Il est indispensable que la couche de gélatine n’ait aucune rayure, loupe, strie ou bulle d’air ; en un mot elle doit être unie et sans aucun défaut.

Les plaques rodées, c’est-à-dire dont le bord a été émoussé à la meule, sont préférables, car il n’est pas rare de se couper les doigt avec les bords tranchants du verre.

Tout paquet de plaques ne doit être ouvert qu’à la lumière rouge rubis.

Les plaques doivent être tenues dans un endroit sec, pas trop chaud, et surtout à l’abri de toute lumière.
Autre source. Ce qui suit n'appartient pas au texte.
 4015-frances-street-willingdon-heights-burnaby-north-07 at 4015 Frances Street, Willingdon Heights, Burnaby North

Ainsi conservées, elles peuvent se garder indéfiniment.


L’éclairage du laboratoire.


L’éclairage du laboratoire joue un grand rôle dans les opérations photographiques, car un éclairage défectueux peut faire manquer tous les clichés.

Si le cabinet, transformé en laboratoire, a une fenêtre, nous pourrons couvrir les carreaux avec du papier rouge très épais, et obtenir une lumière rouge ; mais comme la lumière ainsi obtenue est sujette à des variations d’intensité, nous trouvons bien préférable l’emploi d’une lumière artificielle.
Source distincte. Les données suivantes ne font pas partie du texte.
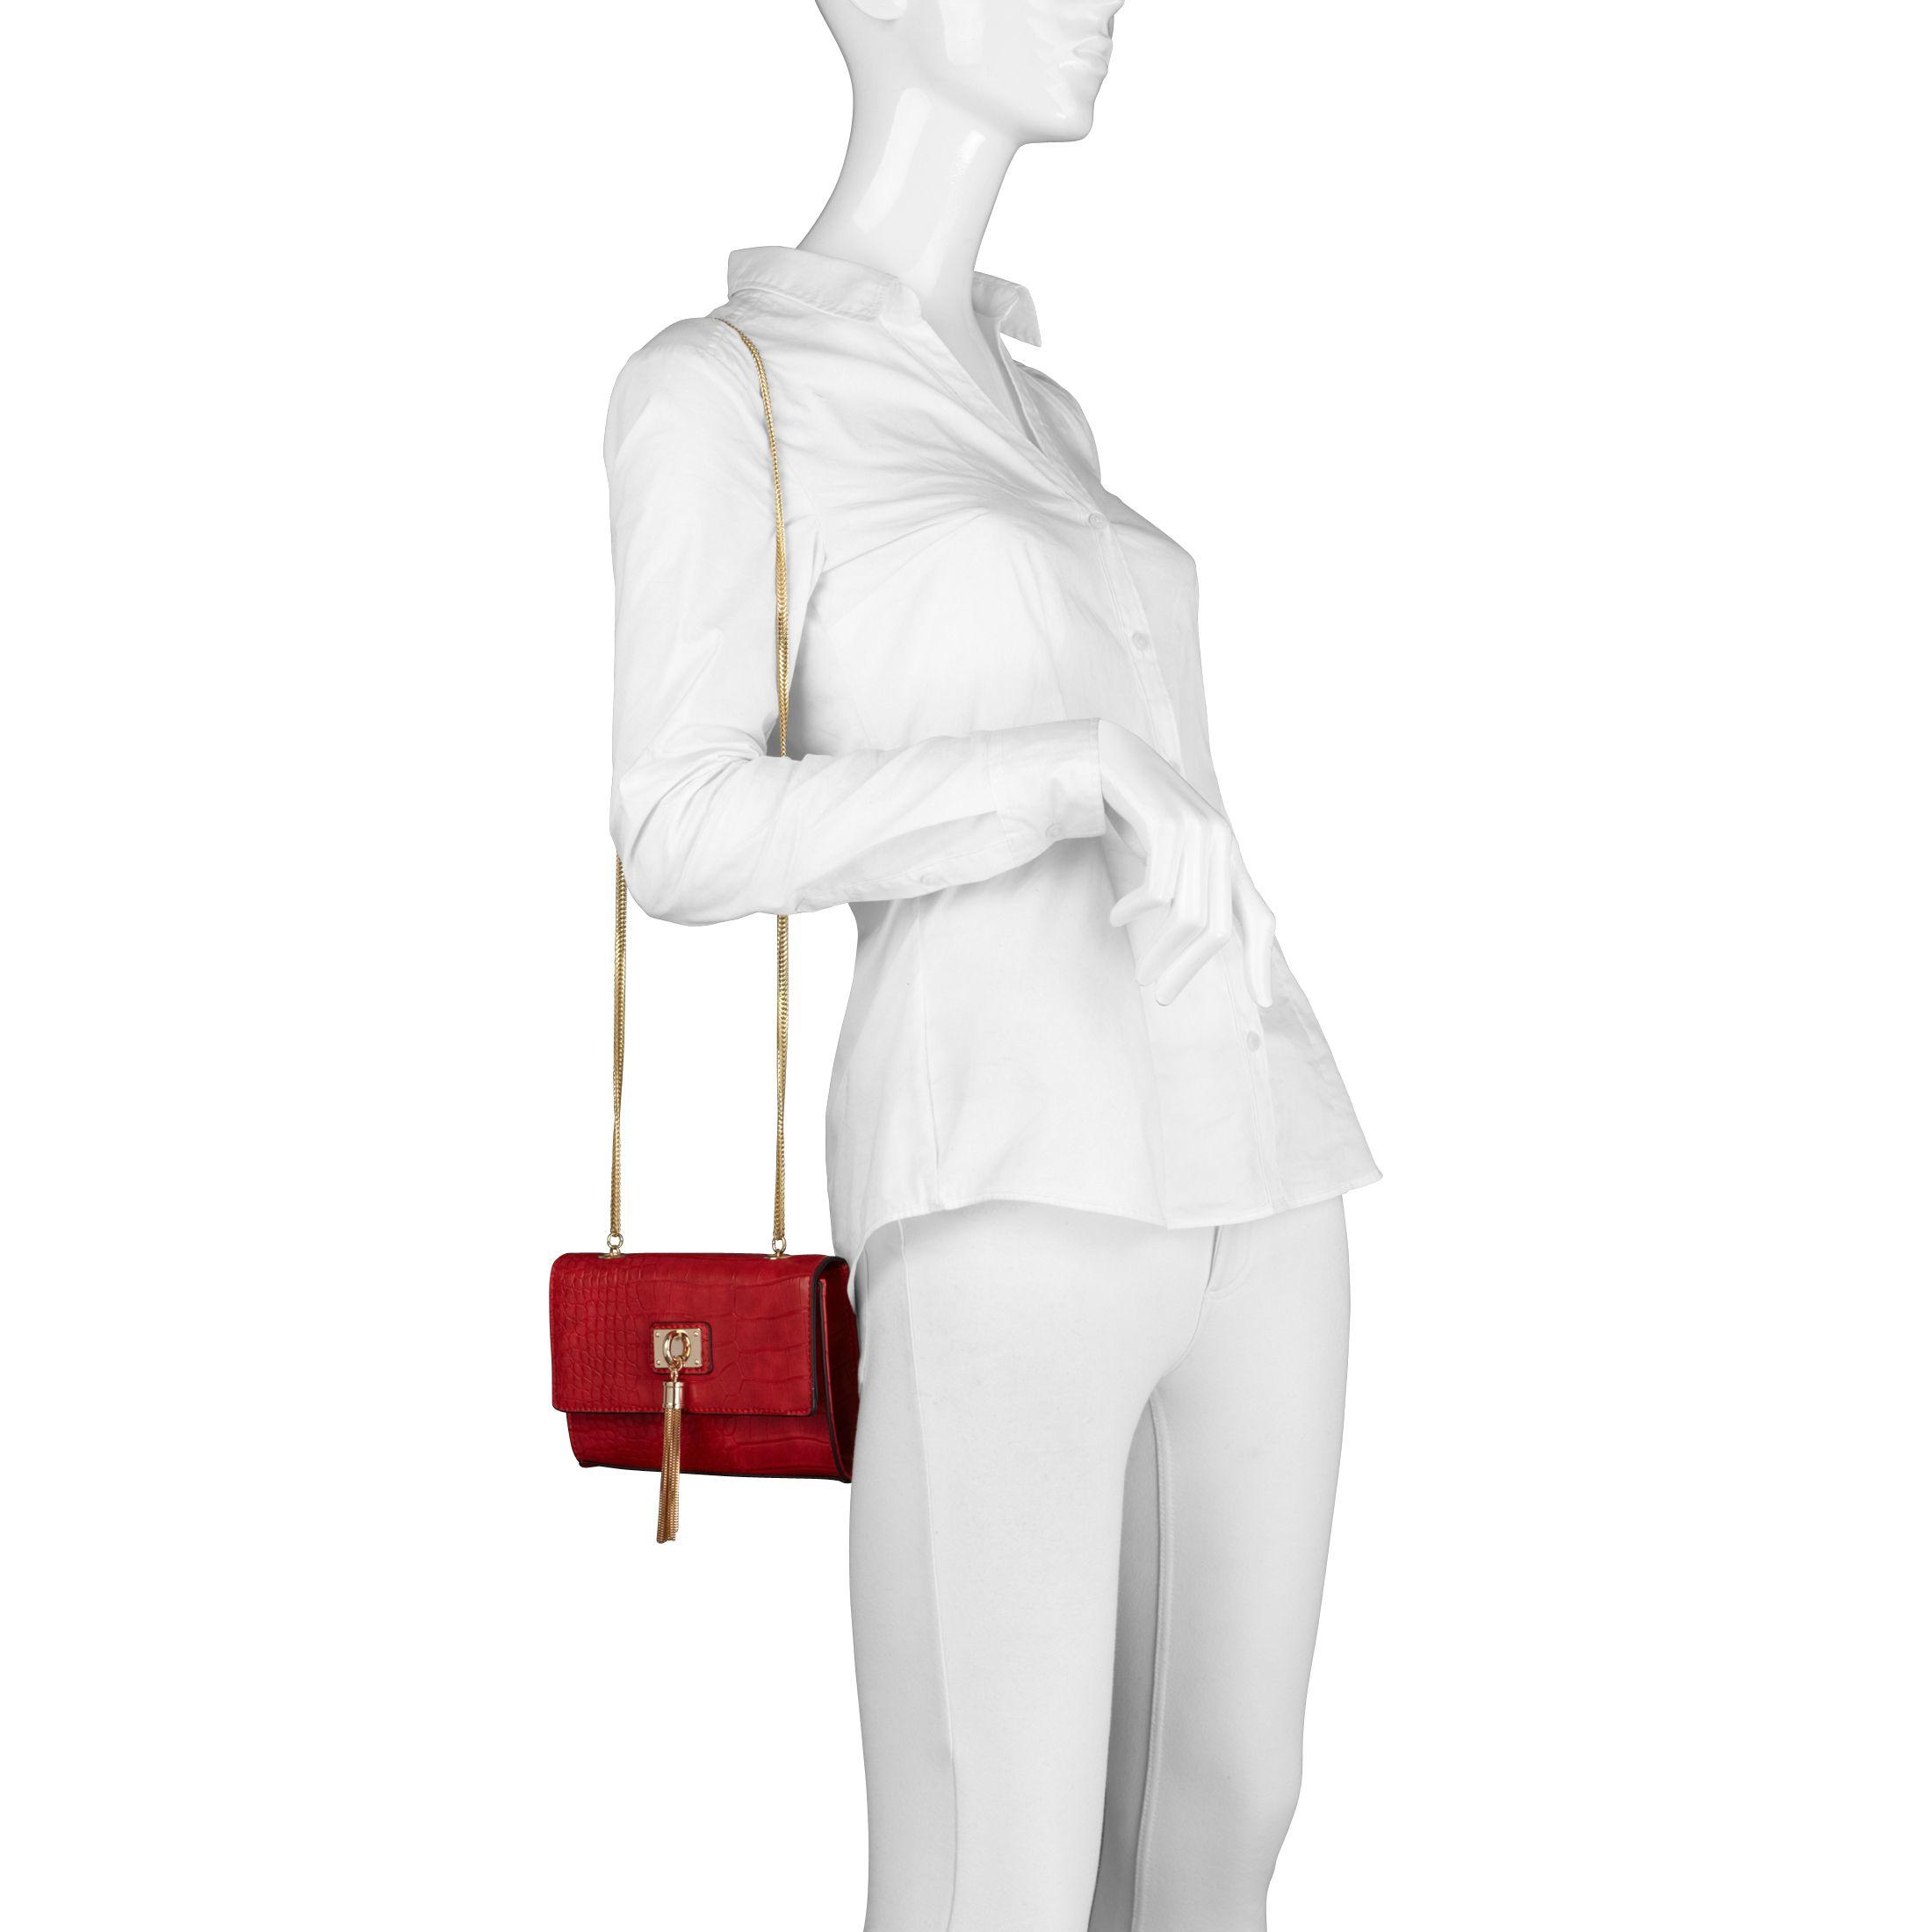 ALDO Harortland Chain Cross Body Bag in Red

Dans ce cas, il suffit d’obturer la fenêtre, soit par un rideau épais, ne laissant filtrer aucun rayon lumineux, soit à l’aide d’un écran opaque fixé devant l’ouverture, si elle est de faible dimension.

Un très bon moyen pour obtenir une fermeture complète, consiste à coller du papier rouge sur les vitres et à adapter ensuite devant la fenêtre un rideau épais. Par le fait du papier rouge collé sur les vitres, les rayons lumineux qui peuvent traverser le rideau, ou passer aux endroits mal joints, ne sont pas à craindre puisqu’ils sont rouges, c’est-à-dire sans pouvoir photogénique.



Fig. 8. – Lampe électrique à incandescence pour laboratoire photographique.

Comme éclairage de laboratoire, une lampe ordinaire à verre circulaire conique est bien suffisante. L’emploi d’une petite lampe à pétrole ou à essence est préférable à l’emploi de la bougie qui fume souvent et dont la hauteur varie dans le verre circulaire, verre dont la couleur doit être d’un beau rouge rubis, Le nec plus ultra pour l’éclairage d’un laboratoire est certainement l’emploi d’une lampe électrique à incandescence à verres rouges, (fig. 8), mais on ne dispose pas toujours d’une source électrique prête à fonctionner.

C’est à la lumière rouge que doit se faire le chargement des châssis négatifs, le changement de plaques et toutes les opérations du développement, jusqu’au fixage.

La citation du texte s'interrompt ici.